Using your mixed models to the fullest: moving beyond ANOVA-style thinking

Phillip Alday

The Dirty Secret

ANOVA is regression.

More precisely, it’s a computational trick to efficiently compute a particular type of nested model comparison under additional assumptions.

It wasn’t a bad idea back in the slide-rules and mechanical adding machine days. But all the extra assumptions (e.g. sphericity) and shortcuts aren’t worth it with today’s computing hardware.

We’ve moved forward in computation but not thinking

We stop learning statistics after we finish our doctorates.

But we use statistics like our mentors.

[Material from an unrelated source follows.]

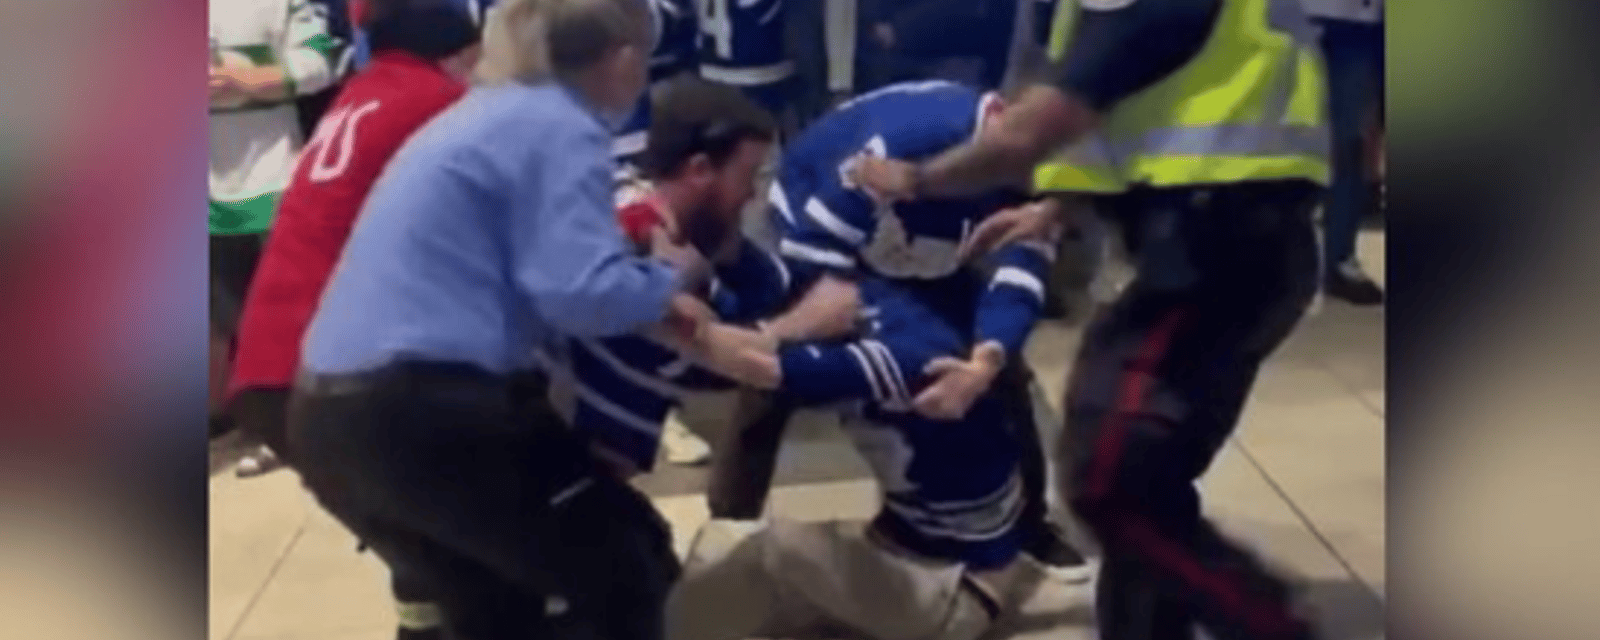 VIDÉO | Une bagarre entre plusieurs fans des Leafs éclate au Scotiabank Arena

And they learned ANOVA. So even when we advance the methods, we don’t advance the thinking and the explaining.

Leaving ANOVA’s legacy behind

Think in terms of effect sizes and not p-values

  • Mixed models give you an explicit estimate of effect size: the coefficient estimate!
  • If you want standardized effect sizes, then you can also standardize your coefficient.
  • Confidence intervals give strictly more information than p-values and can also be used for significance testing.

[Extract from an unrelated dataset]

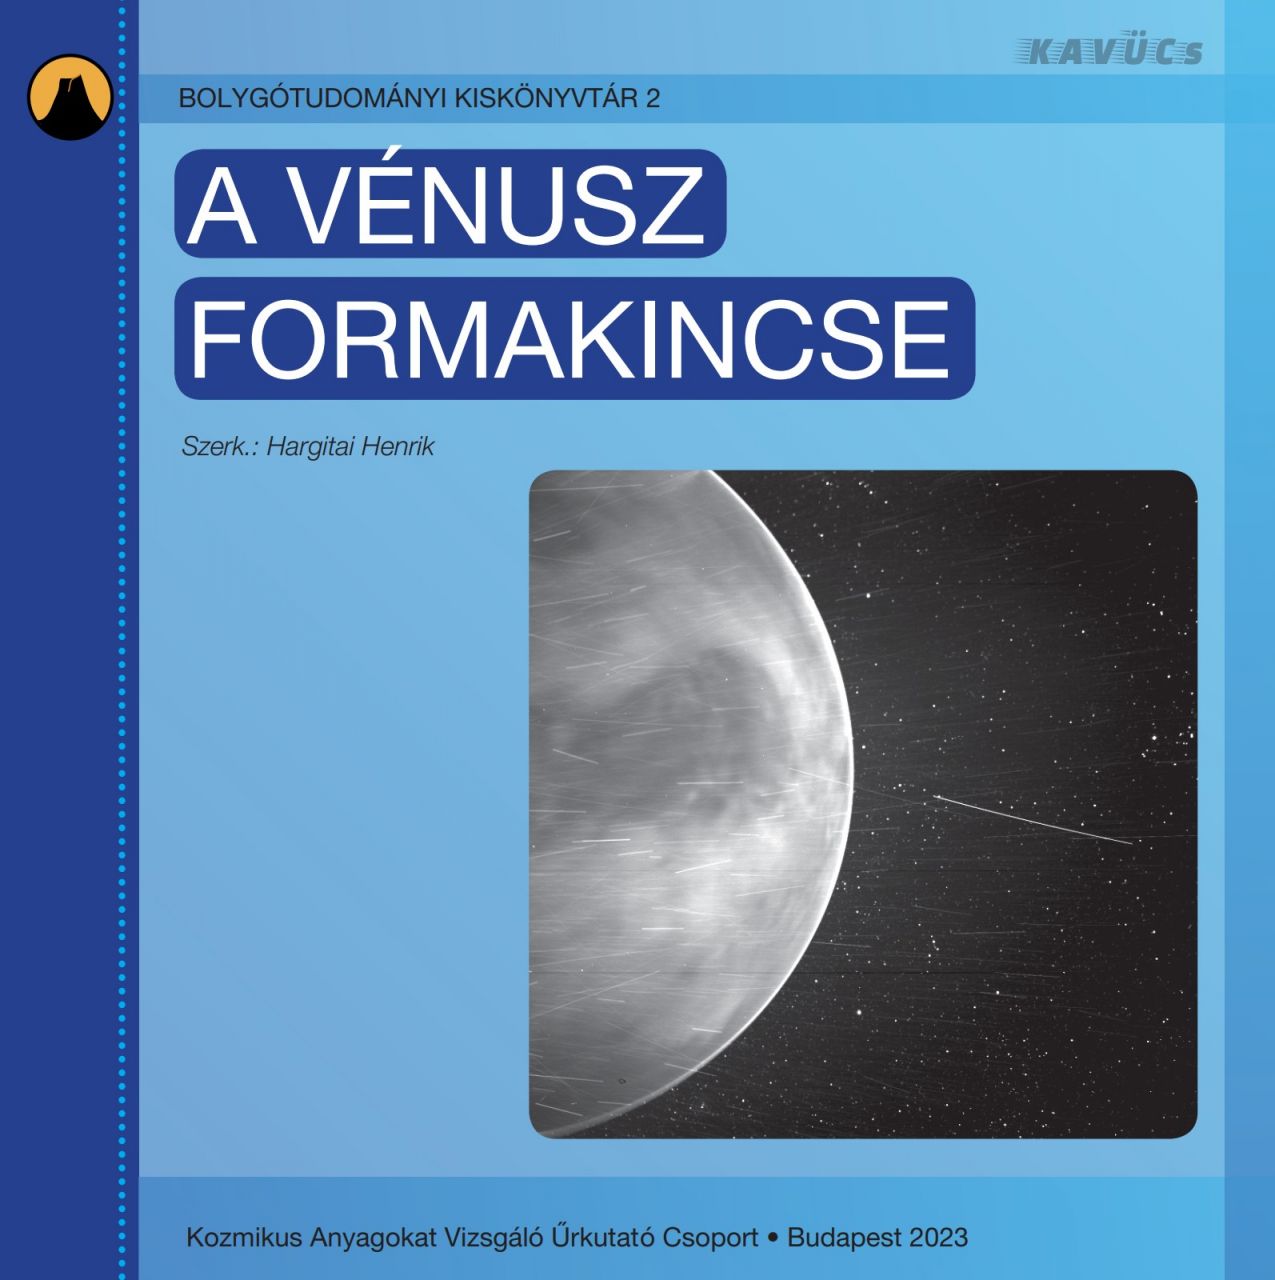 A vénusz formakincse - bolygótudományi kiskönyvtár 2.

Think in terms of specific hypotheses and comparisons

  • ANOVA encourages thinking in a weird omnibus + posthoc test framework

    • “There was a significant difference somewhere between these 3 groups”
    • let’s follow that up with t-tests amongst all possible pairs
  • Instead, we should be thinking of specific comparisons that we care about.

  • Moreover, we can do all of this in a single step instead of in two stages.

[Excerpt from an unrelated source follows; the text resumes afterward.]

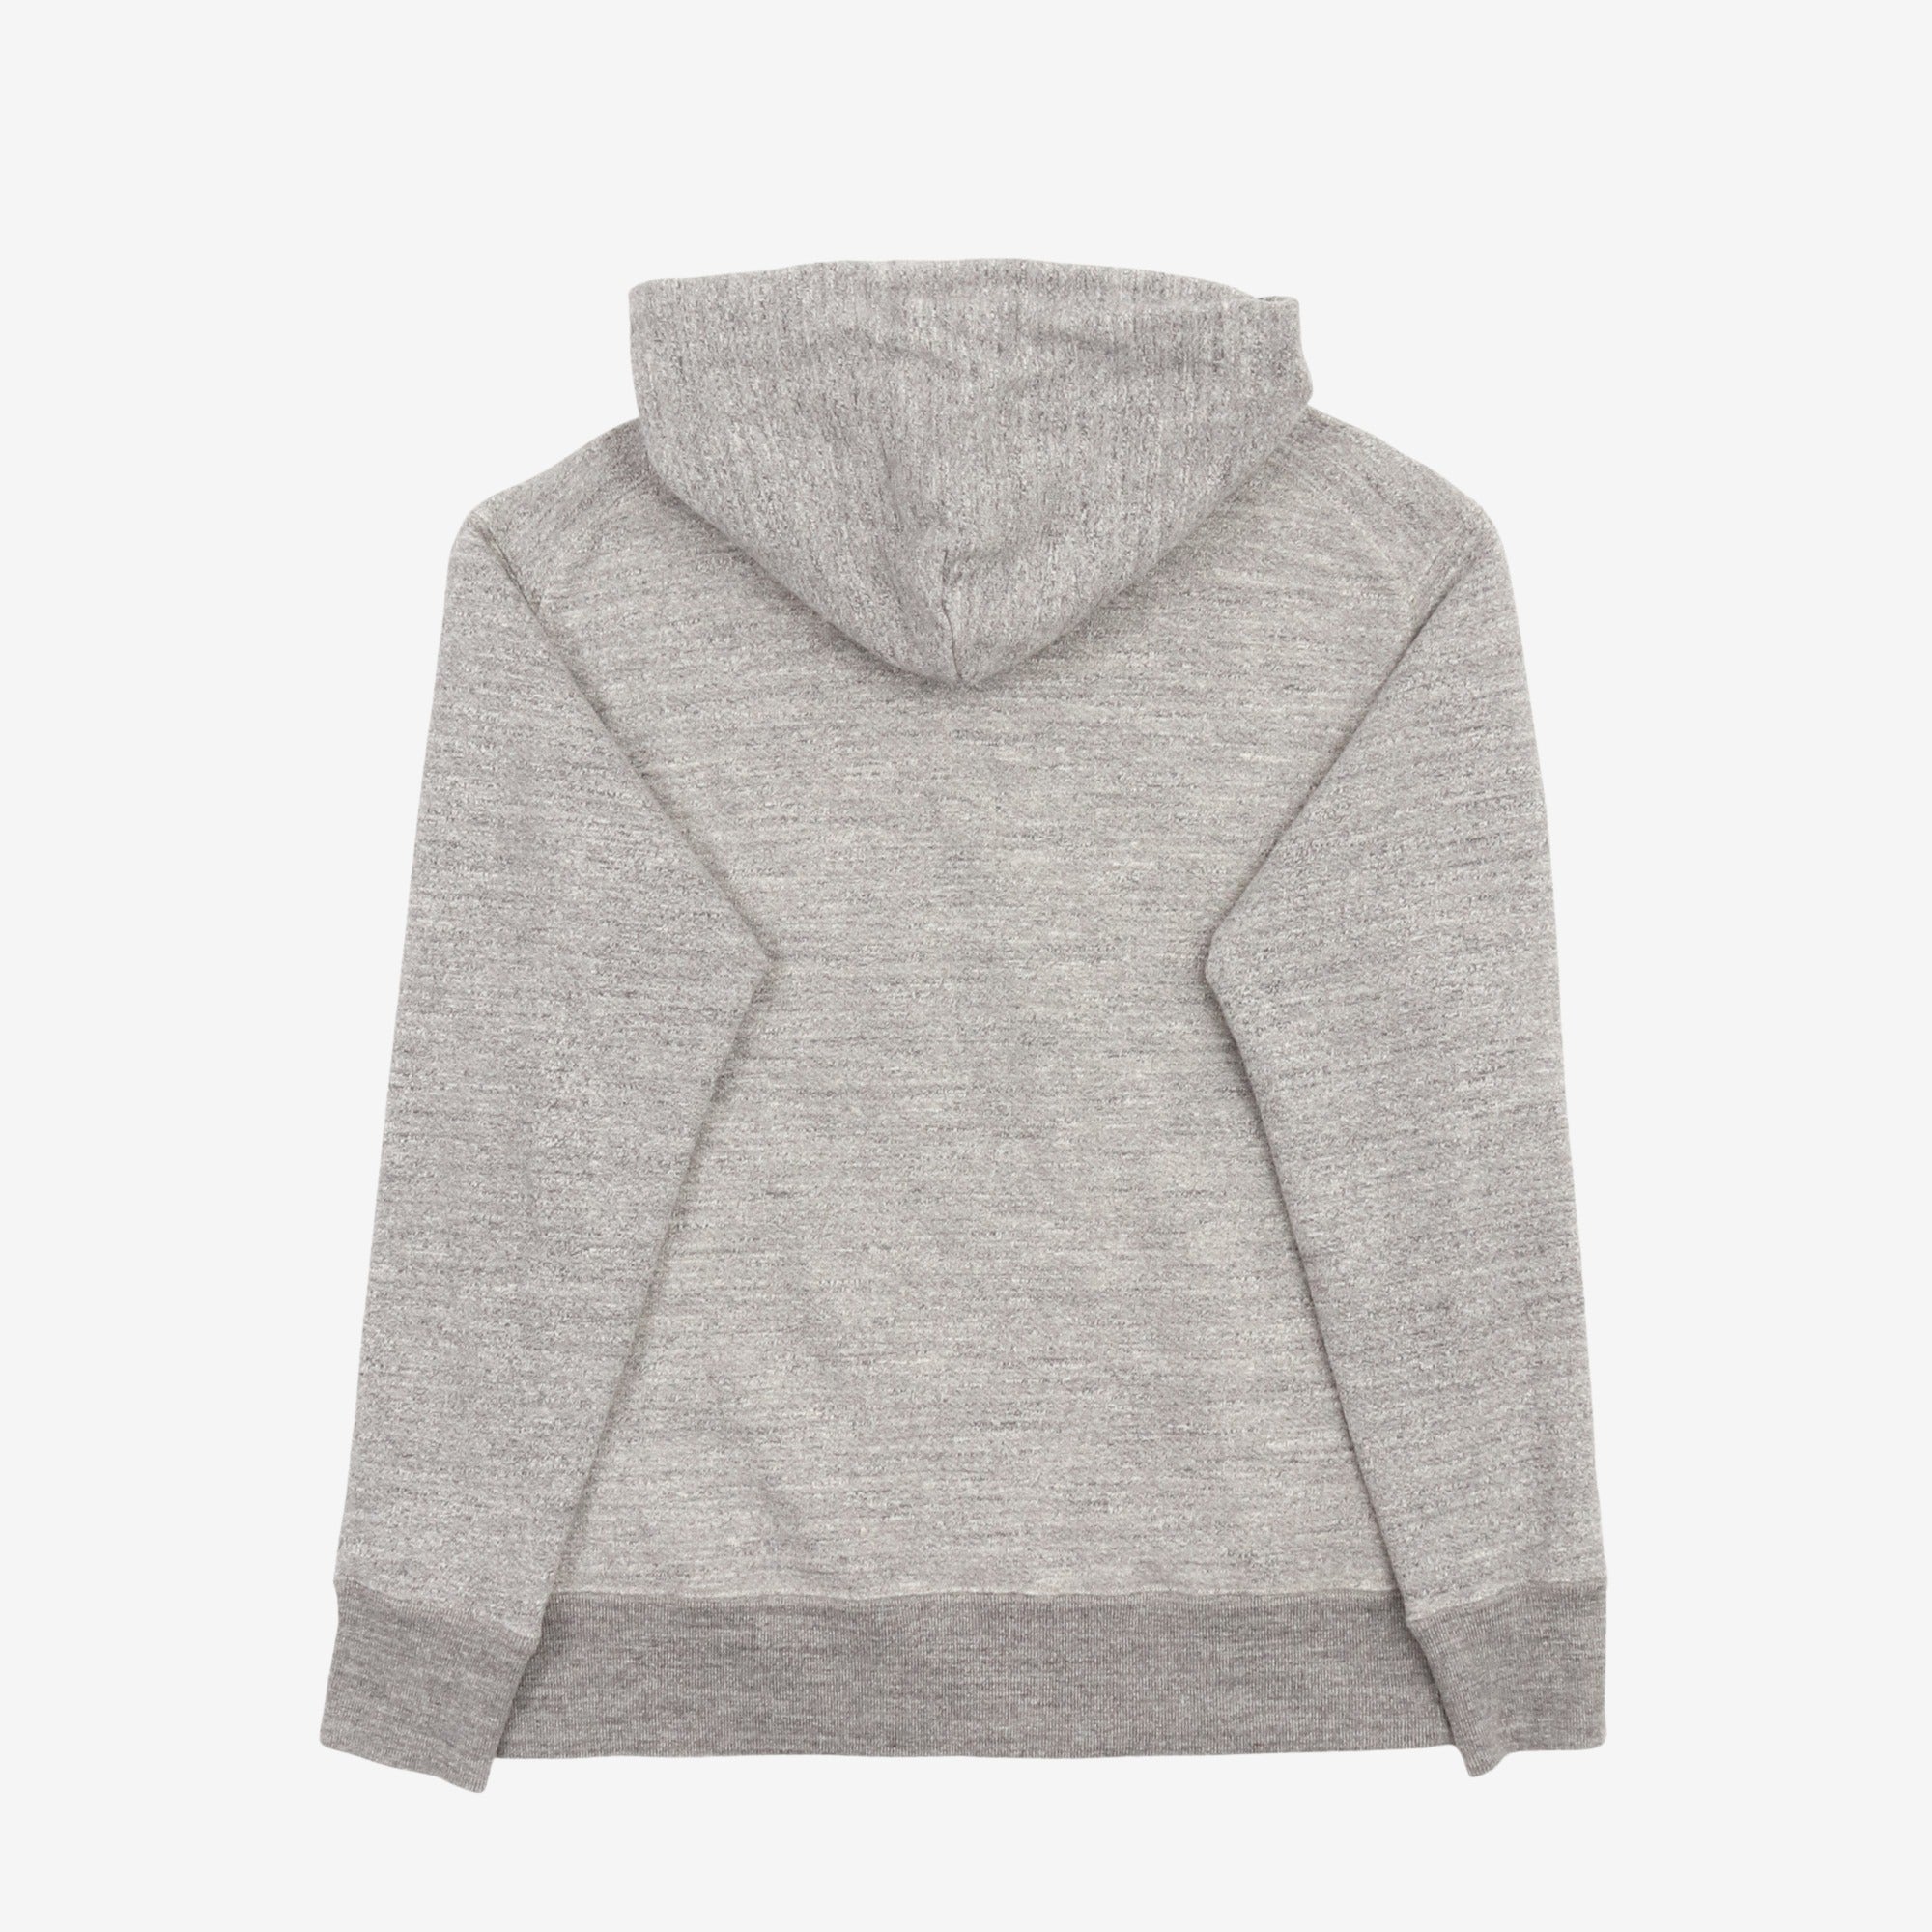 Marl Hooded Sweatshirt

Learn to love and leverage contrast coding

  • Got a hypothesis that A > B > C? Test that hypothesis directly!
  • Got a hypothesis that A != B and A != C? Test that!
  • Make the intercept interesting again!
  • Too many options to discuss here, but contrast coding and centering and scaling of covaries should be part of your design (and not specifying it makes your analysis unintepretable Brehm & Alday, 2022)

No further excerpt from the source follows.